April 17, 2024

Empowering Women in Energy: Navigating Challenges and Opportunities

In recent years, the discussion on Environmental, Social, and Governance (ESG) principles has elevated the importance of diversity and inclusion across industries globally. This heightened awareness has yielded numerous benefits, as companies have increasingly embraced diversity and inclusion in their recruitment and advancement strategies. Nevertheless, despite these strides, the challenges presented by the pandemic and ensuing economic turmoil have introduced setbacks, prompting shifts in priorities at both personal and organizational levels.

In recent years, the discussion on Environmental, Social, and Governance (ESG) principles has elevated the importance of diversity and inclusion across industries globally. This heightened awareness has yielded numerous benefits, as companies have increasingly embraced diversity and inclusion in their recruitment and advancement strategies. Nevertheless, despite these strides, the challenges presented by the pandemic and ensuing economic turmoil have introduced setbacks, prompting shifts in priorities at both personal and organizational levels. While some women have opted to allocate more time to their families in the post-COVID era, companies have also been compelled to prioritize cost-cutting measures.

The energy sector stands out with its stark gender imbalance, where men often dominate with a ratio of at least 3:1 – and the percentage of female leaders declines the higher you go up the ladder. This is not surprising - fever women choose a technical career than men, and it is difficult to attract the most talented women to junior positions in the energy industry. This results in not having enough qualified woman in energy and therefore lacking talent to promote to senior management positions.

Nonetheless, it's crucial to acknowledge the importance of gender diversity in leadership. Studies consistently demonstrate that diverse leadership teams and boards perform better, both financially and operationally. Companies with more diverse board composition are more likely to outperform others financially and gender diversity is proven to make firms more innovative and productive.

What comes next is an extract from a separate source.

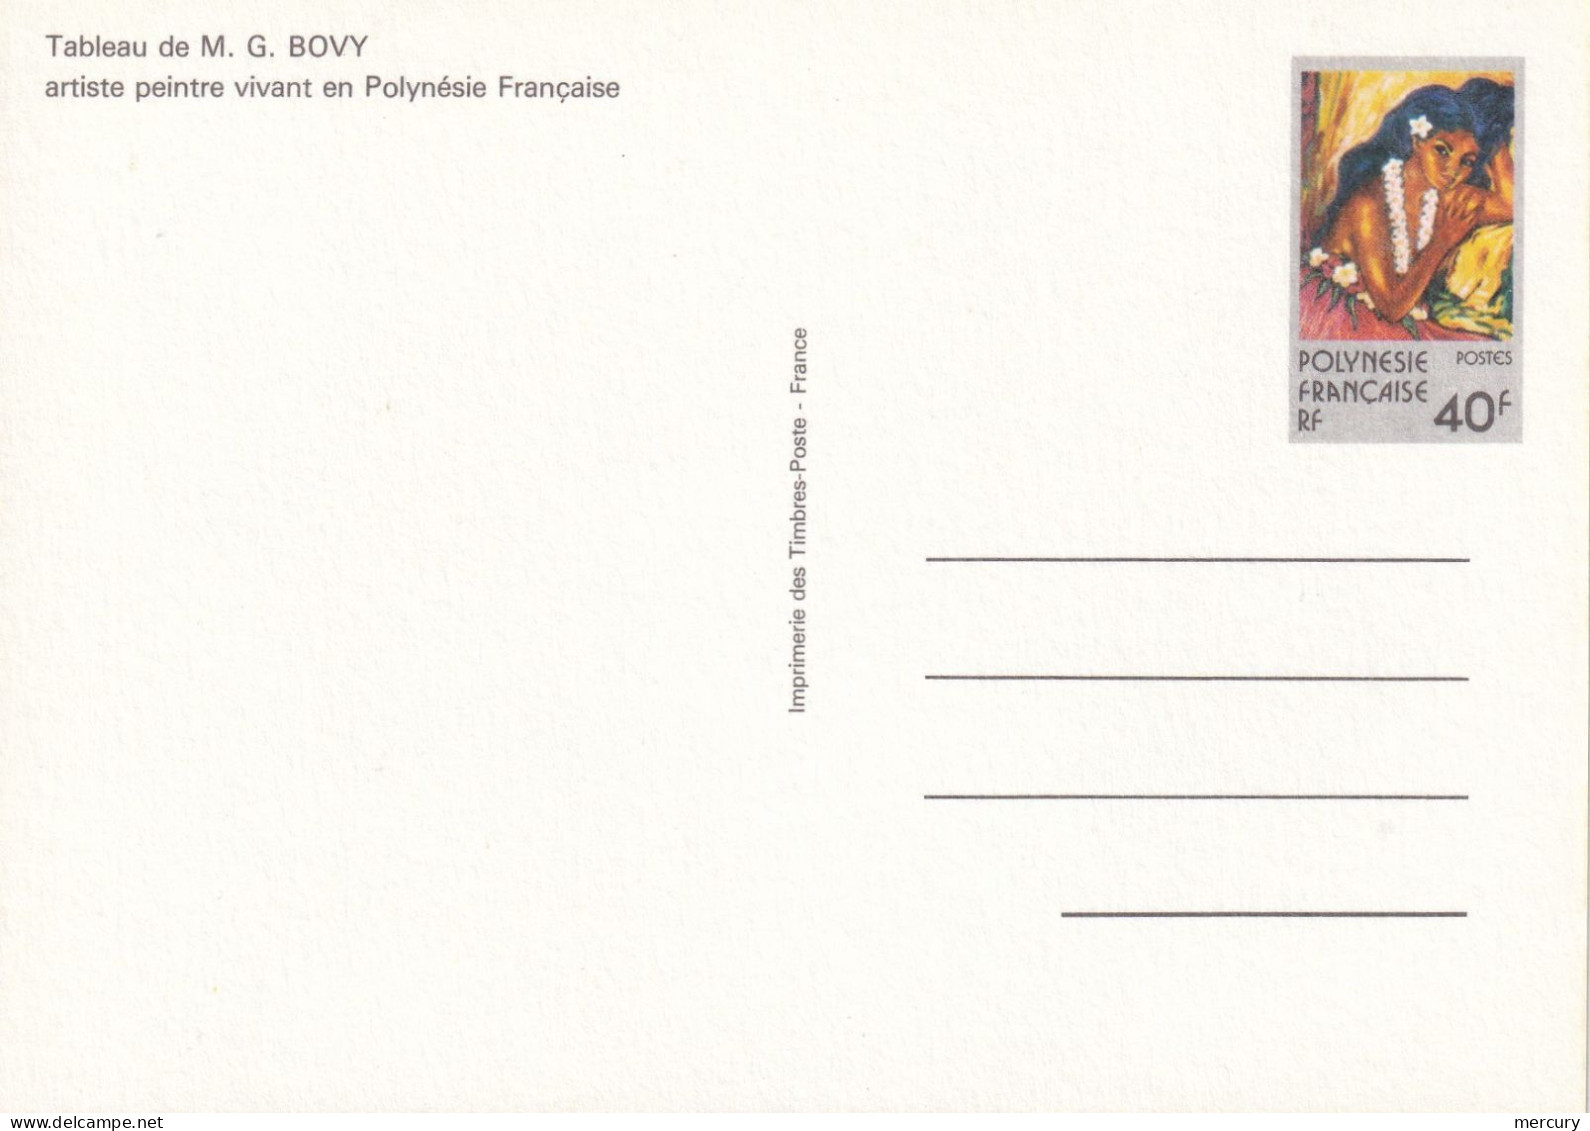 POLYNESIE - Tableau De Bovy - Postal Stationery

With varied backgrounds and experiences, diverse teams offer a broader perspective on problem-solving and decision-making. Moreover, fostering diversity enhances overall job satisfaction.

Achieving gender diversity in the energy sector remains a formidable task. A recent IEA 2023 World Energy Employment report shows that women make up only 16% of the traditional energy sector which is just one fifth and below the 40% average in the global workforce.

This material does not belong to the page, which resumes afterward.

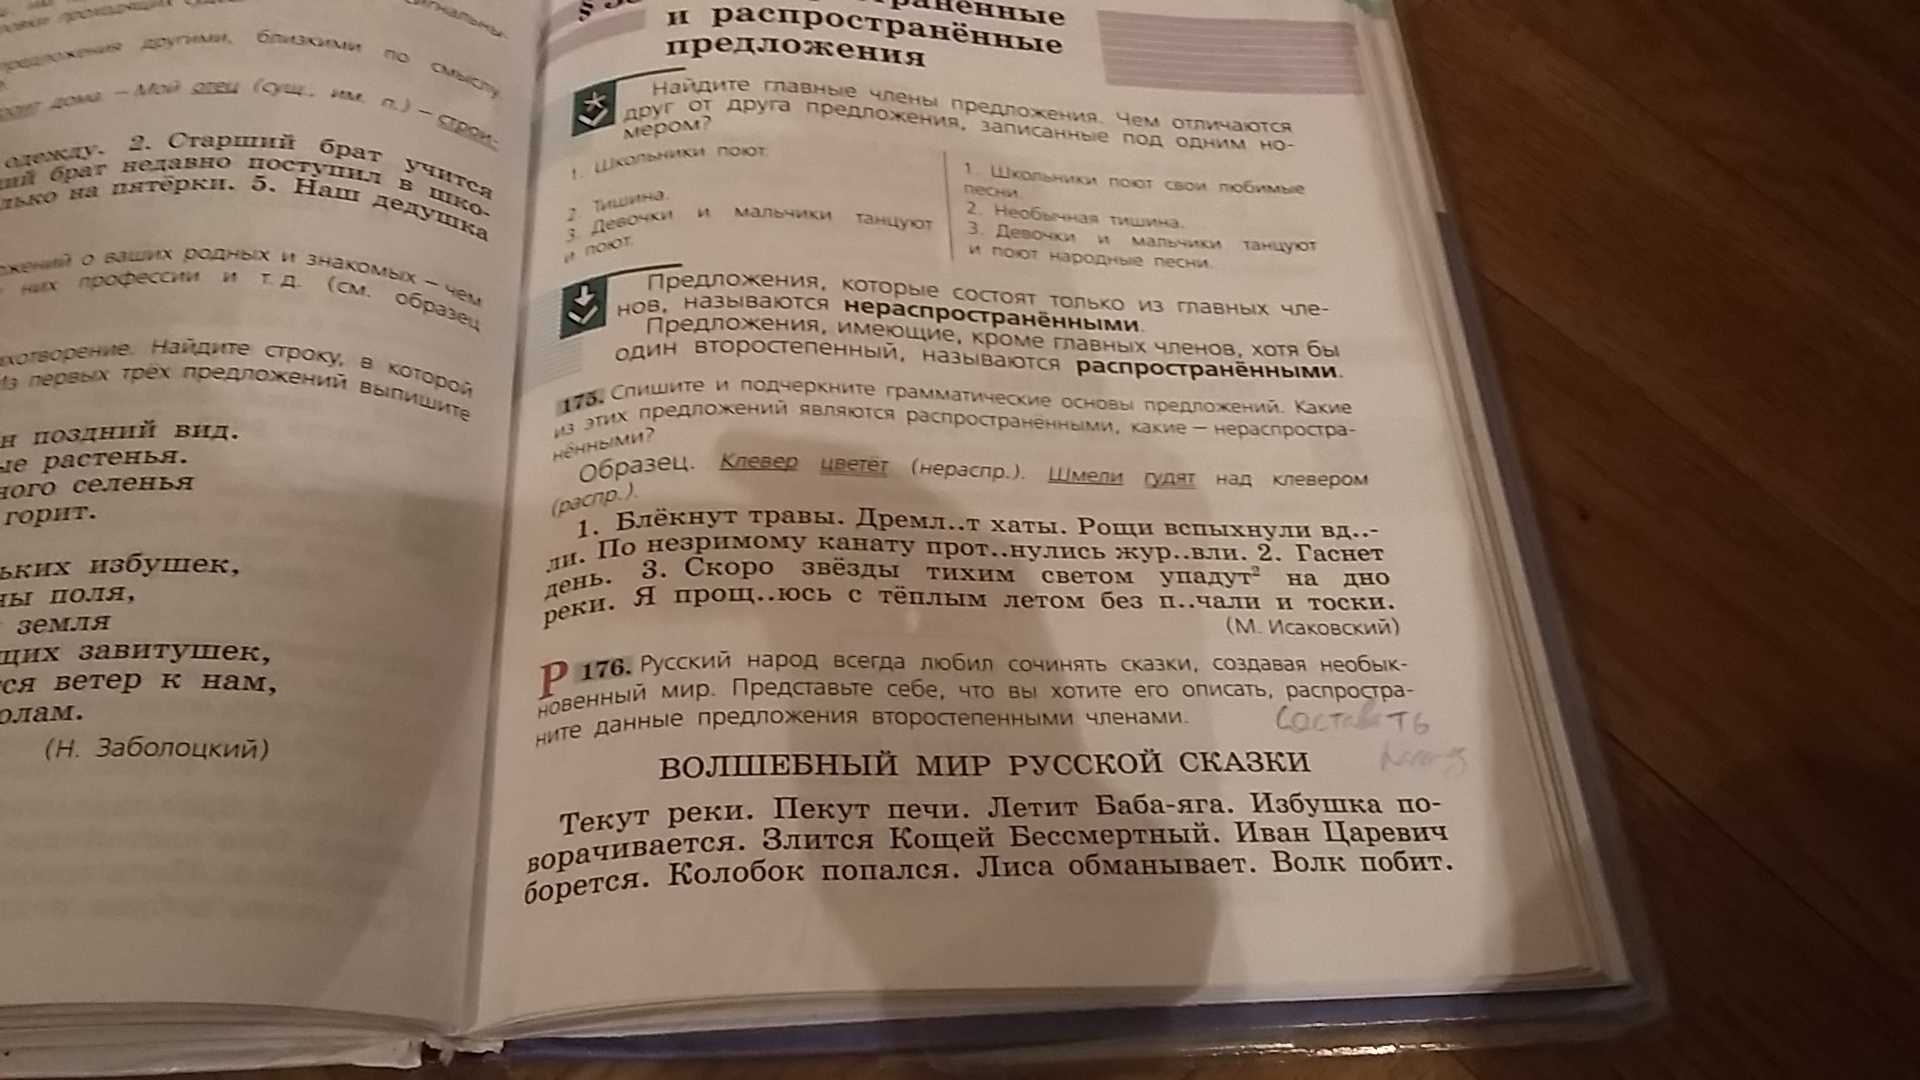 Русский язык 4 класс 2 упр 176

To address this issue, efforts must begin at the grassroots level by encouraging more women to pursue technical disciplines. These efforts should start already in the classroom, encouraging women to pursue energy jobs.

Strong role models play a pivotal role in inspiring the next generation, demonstrating that careers in energy are not exclusively reserved for men. Today, women in energy may still encounter challenges in accessing mentorship and networking opportunities, which are crucial for career advancement. Also, limited access to support networks can impede their professional growth and development.

While regulatory measures such as quotas can promote gender diversity, they also raise questions about the meritocracy of promotions. Ultimately, the goal should be to cultivate a culture where diversity is valued, and individuals are promoted based on their skills and capabilities, regardless of gender.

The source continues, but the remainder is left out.